Firstly, because the result in these areas of 60% of the students was obtained by extrapolating the Reading marks, which led the OECD to recognize that these data were also affected by this "anomalous behavior", although to a lesser extent " In addition, Madrid suspected that part of the examiners, subcontracted by the Ministry to the TYPSA company , could give confusing instructions to the students, because those who were under their supervision presented 30% errors compared to others who only made 6% of failures.

The main hypothesis that was handled then was that the questions that went to the beginning of the questionnaire could be interpreted by the students as a training that was not part of the exam itself and that led them, in November 2018, to respond hastily and without rigor, either because the instructions were given badly, or because the company that designed the computer program did not make it clear enough. Other "inconsistencies" were also found in the report's database. None of this clarifies the OECD in a report of just eight pages.

Sources from the Madrid Ministry of Education continue to consider the results "totally inaccurate". "They do not reflect in any way the real level of our students nor do they correspond to the work, effort and commitment of our teachers," they say.

"These data are absolutely surprising considering the results of previous editions, where we occupy the first places with Castilla y León, " they emphasize.

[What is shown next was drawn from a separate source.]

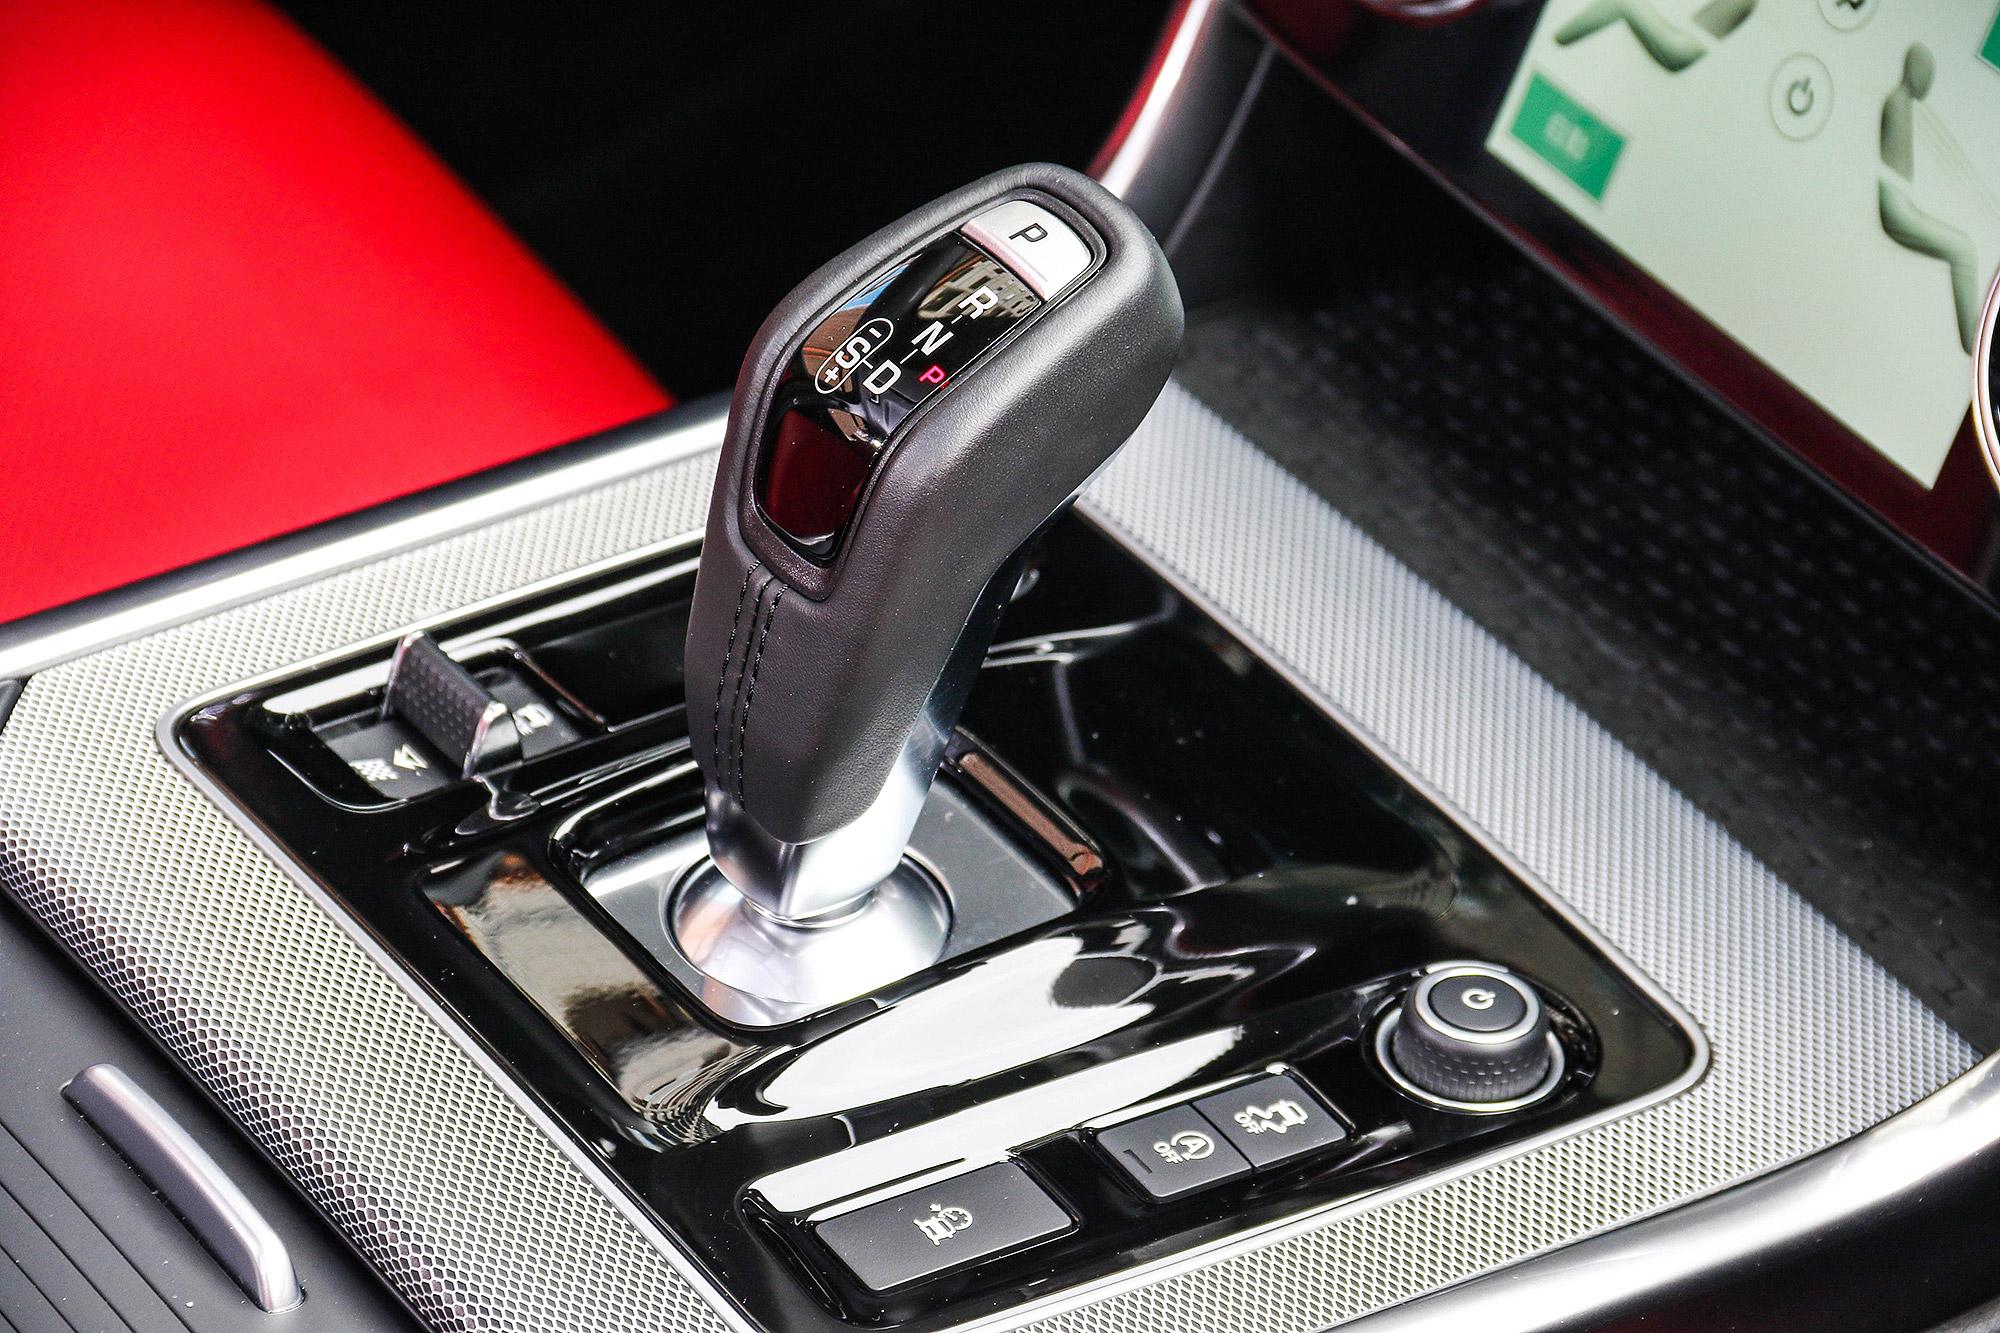 搭配的變速箱為 SportShift Gear Selector 式設計的 8 速手自排變速箱。

Whatever the data, the teachers agree that "students are reading with more and more difficulty". "While the school is still focused on emotional experiments, students are no longer able to even read the statements. They understand less and less, so that education becomes more of a career that must finish soon than in a field where you have than study, read or analyze ", warns Andreu Navarra , professor at an institute in the province of Barcelona.

NEXT PISA IS DELAYED A YEAR FOR COVID

The OECD has decided to postpone the next two PISA reports due to the Covid-19 crisis. The test takes place every three years and played in 2021, but the exam will be done in 2022 and the results will be published in December 2023. The next one will be published in 2026, not in 2025. "The tests carry a previous field study in that a test is carried out on the test itself, to know if the questions make it possible to differentiate between the students who excel and those who are lagging behind or if there are any problems with the statements, for example. that still surrounds the coronavirus crisis have led the OECD to delay, "explains Ismael Sanz , professor at the Rey Juan Carlos University and former chair of the PISA Strategic Development Group. "In any case, it is very important that this test continues to be carried out, to find out whether the pronounced decline in Spain in 2018 has been circumstantial or real and, more relevant still, what is the effect of the closure of educational centers on learning the students".